◆ **Given material**

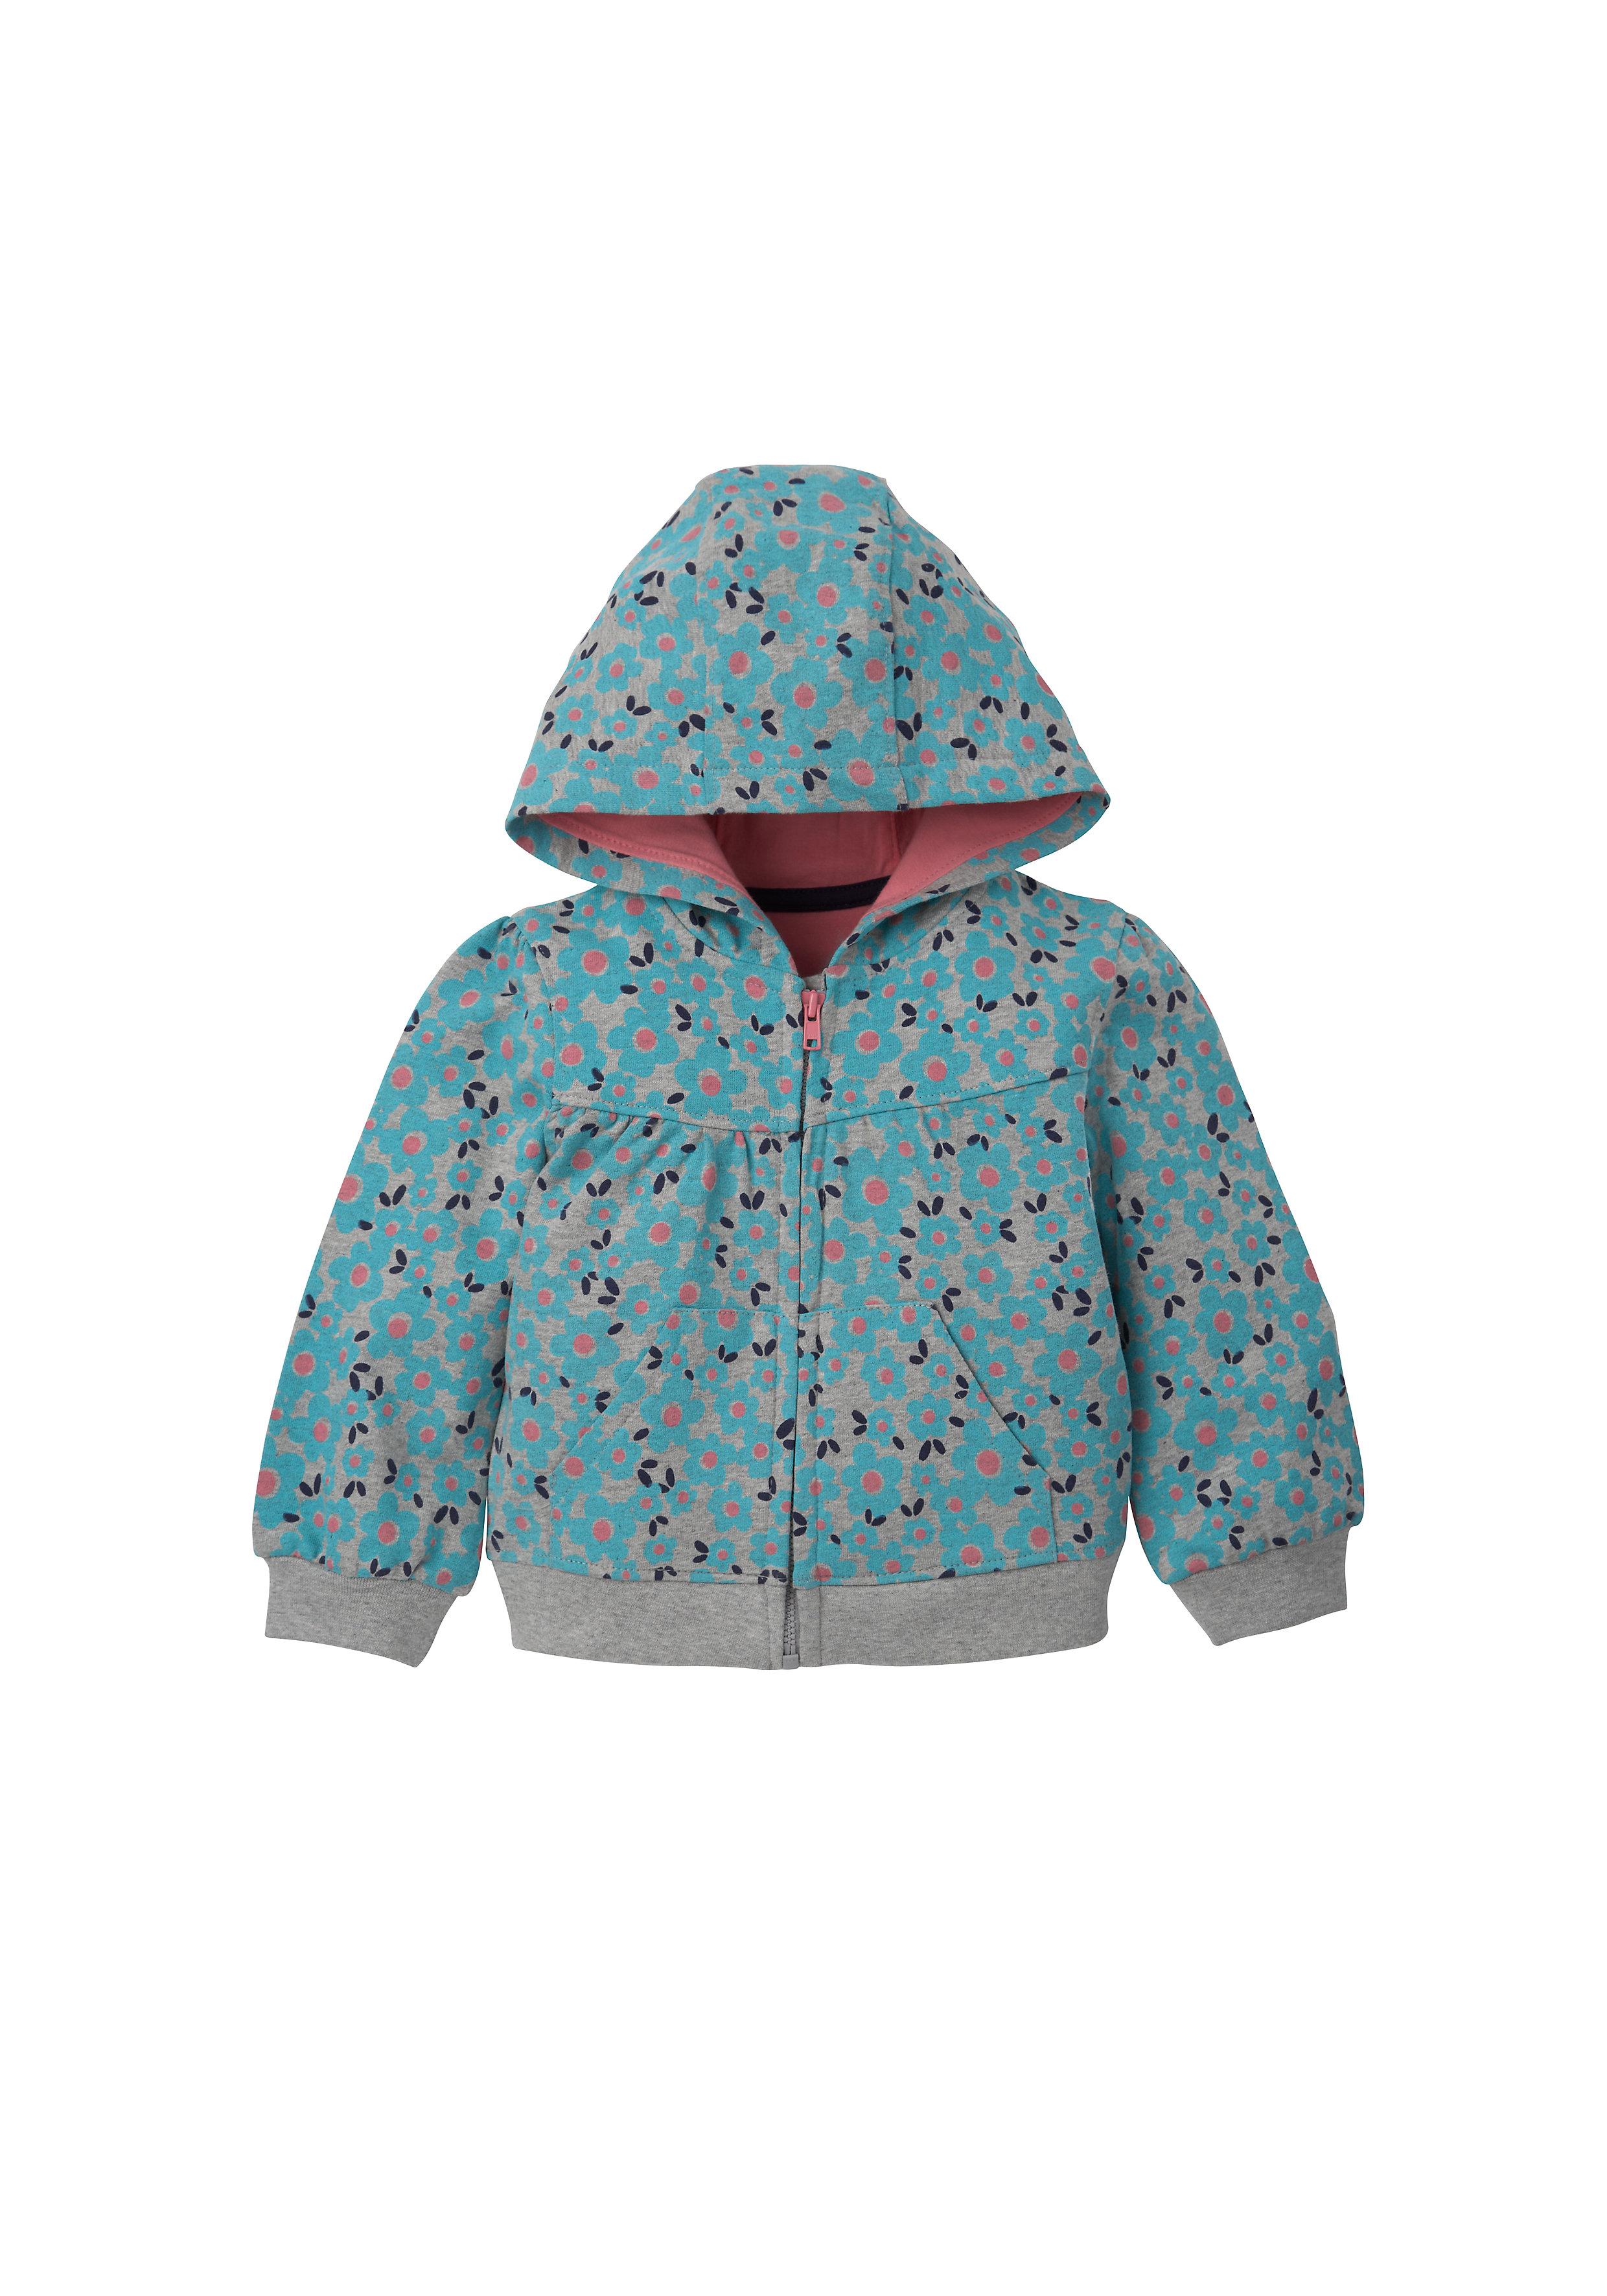 Mothercare | Girls Full Sleeves Hooded Sweatshirt Floral Print - Grey
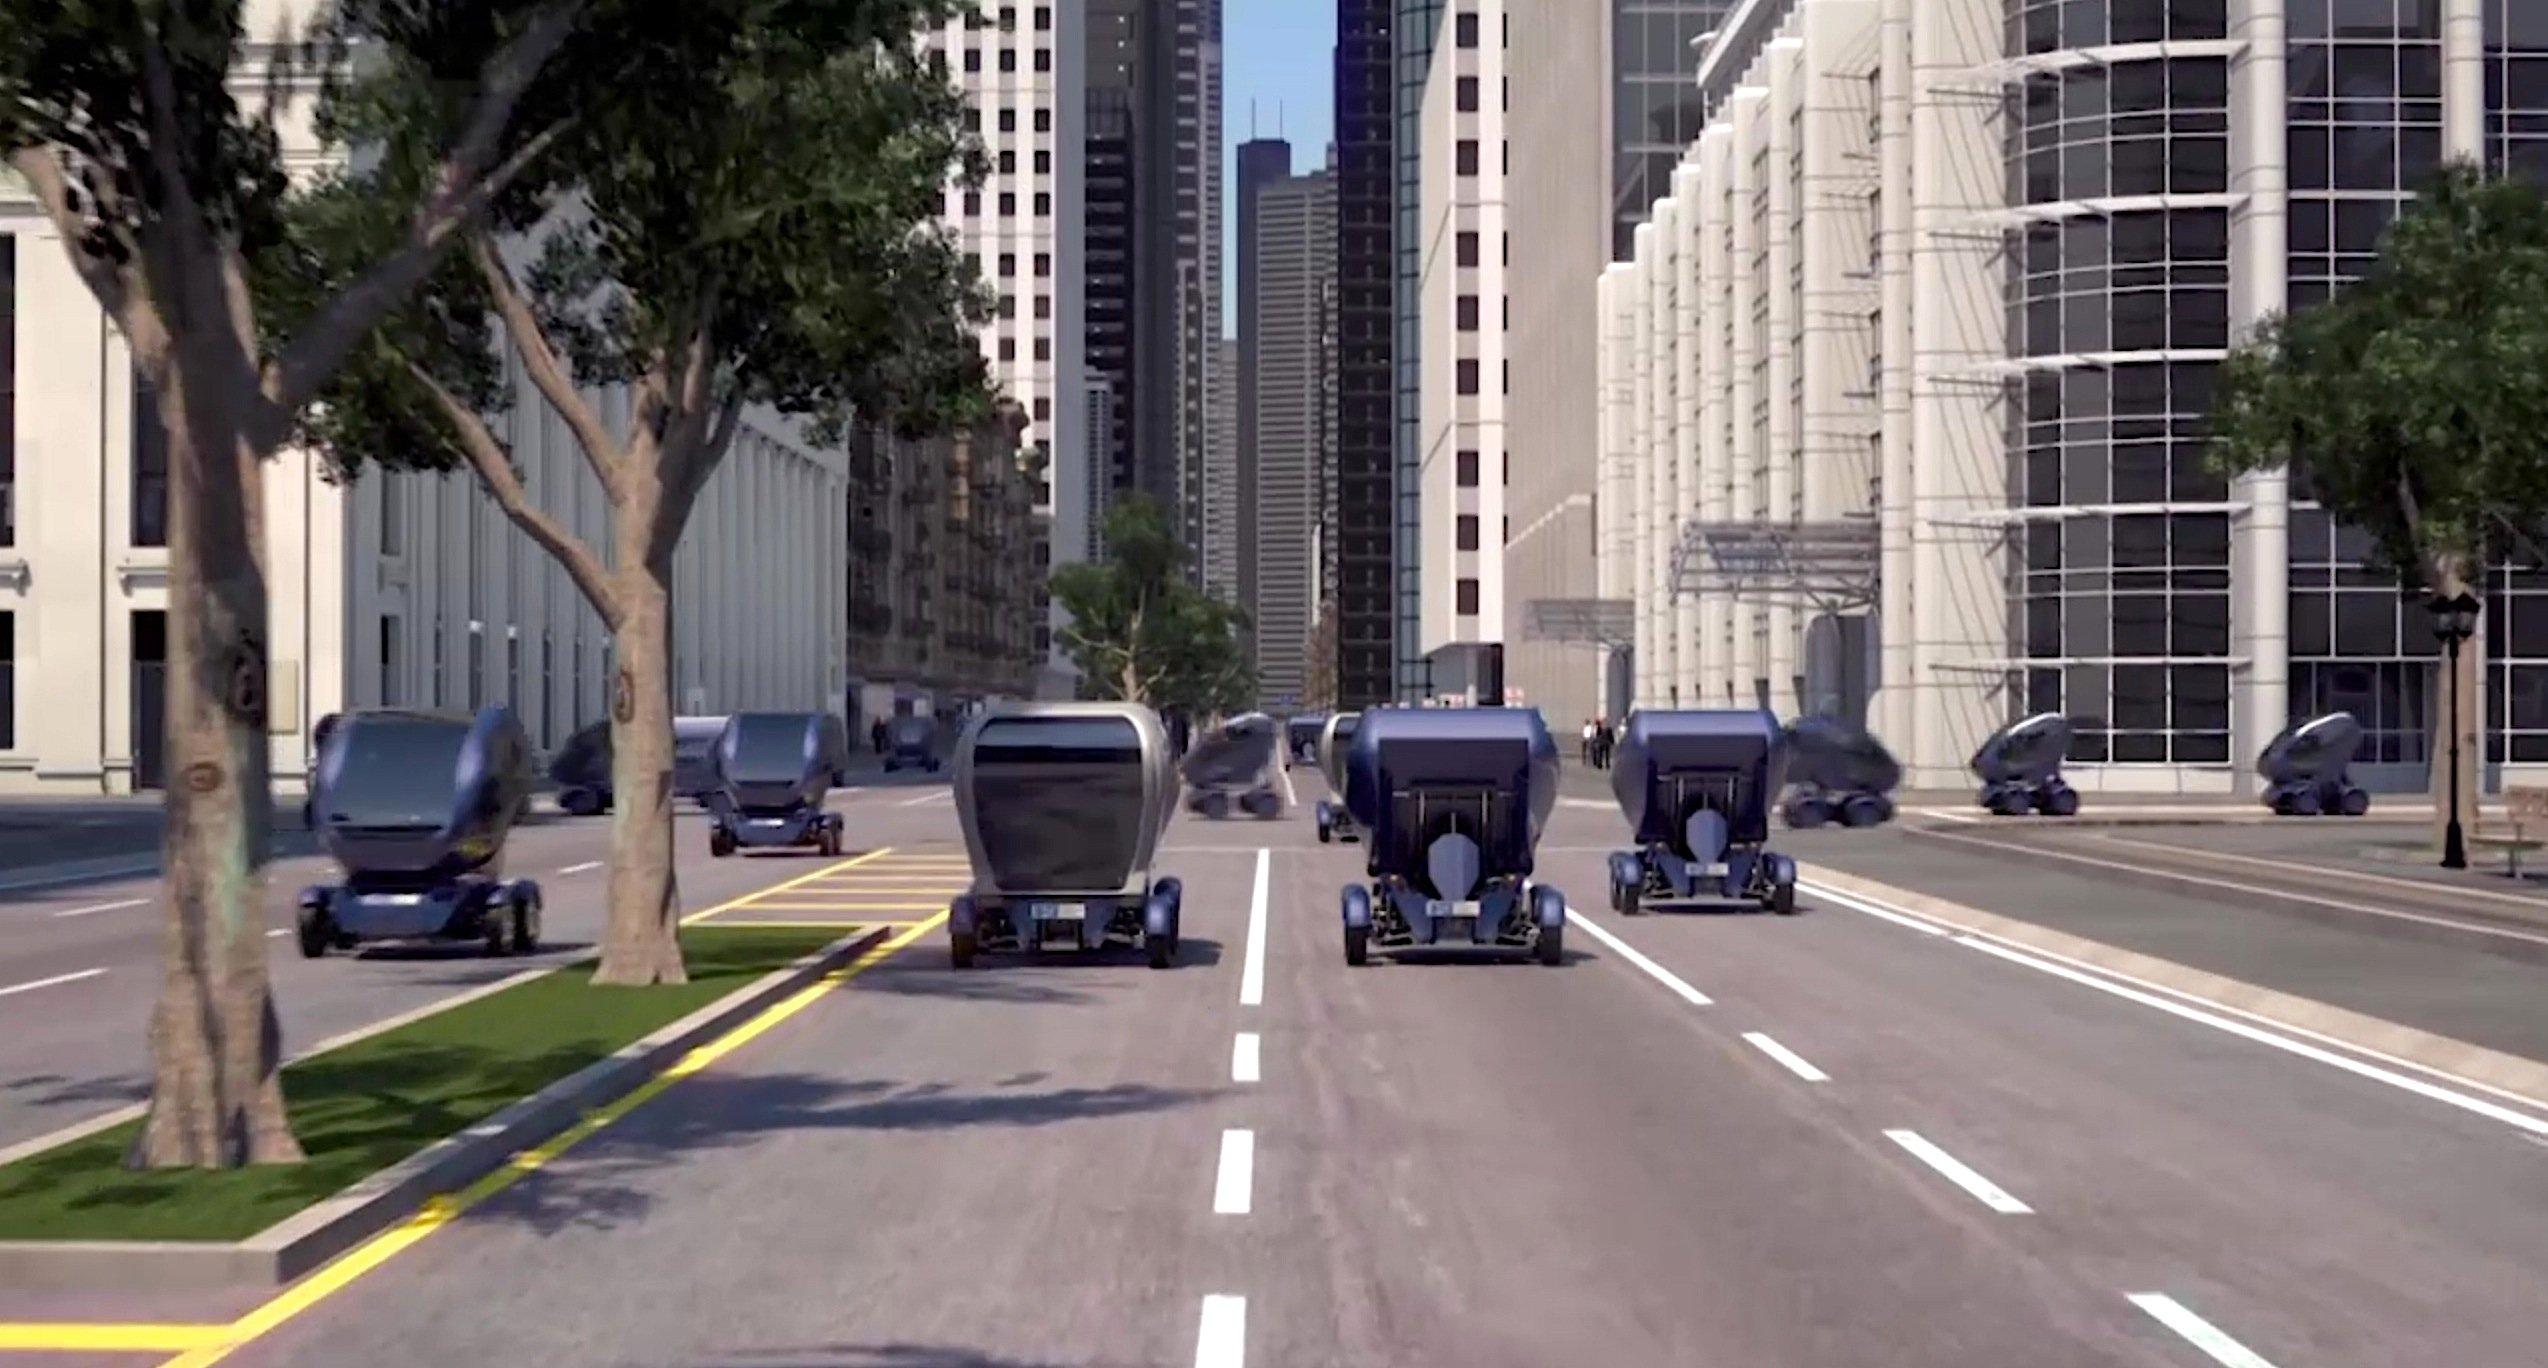 Auch im Stadtverkehr soll das Bremer Elektroauto autonom fahren können.
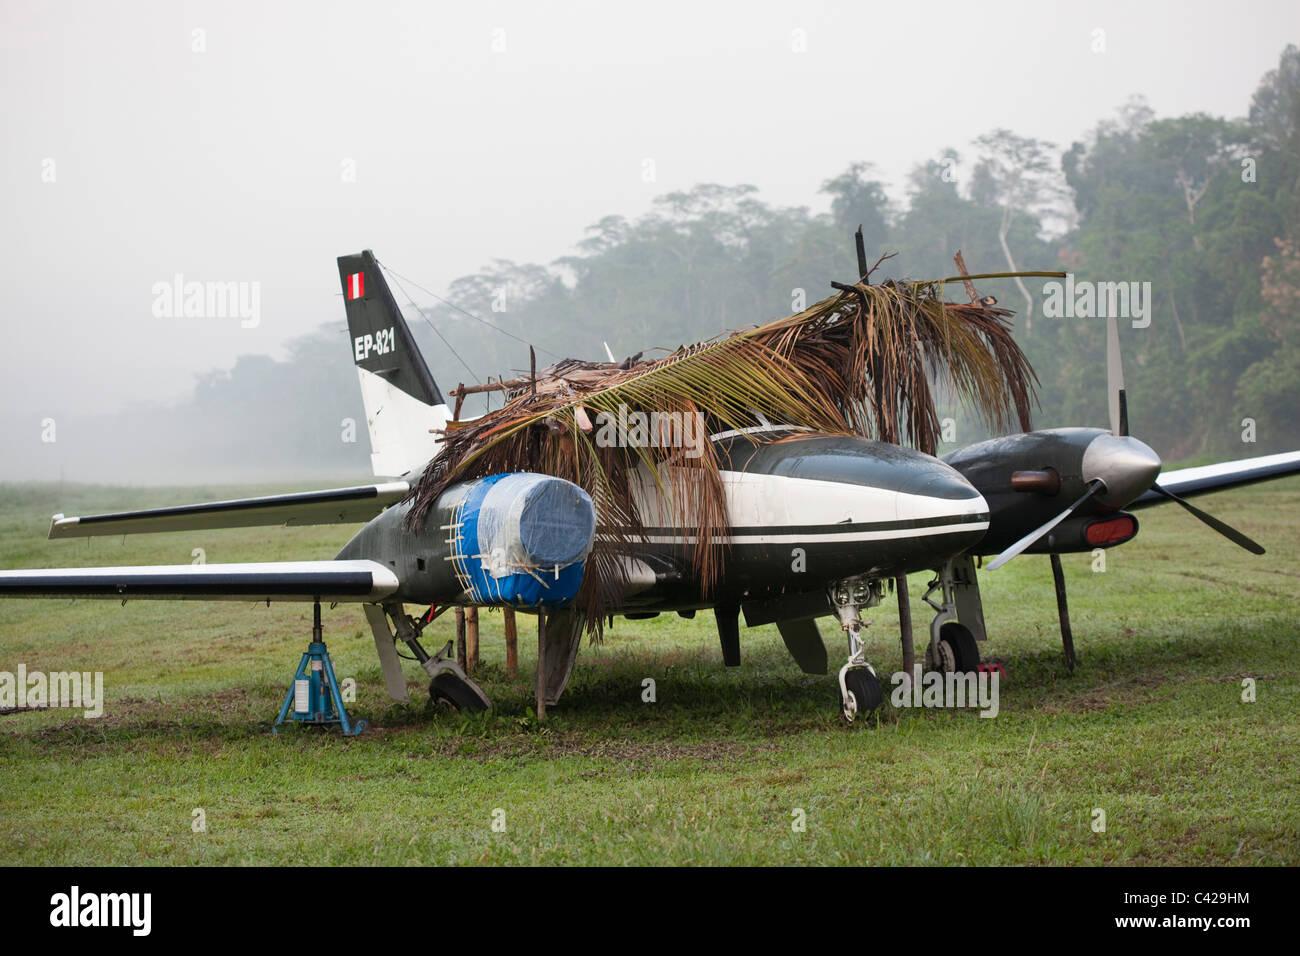 Peru, Boca Manu, Brooken airplane on landing strip. - Stock Image

◆ **What you have to do**
Copy word for word every line from the one holding "Auch im Stadtverkehr" to the end of the listing, both ends included, but do not copy any pictures.

◆ **Answer to this task**
 Auch im Stadtverkehr soll das Bremer Elektroauto autonom fahren können.
 Peru, Boca Manu, Brooken airplane on landing strip. - Stock Image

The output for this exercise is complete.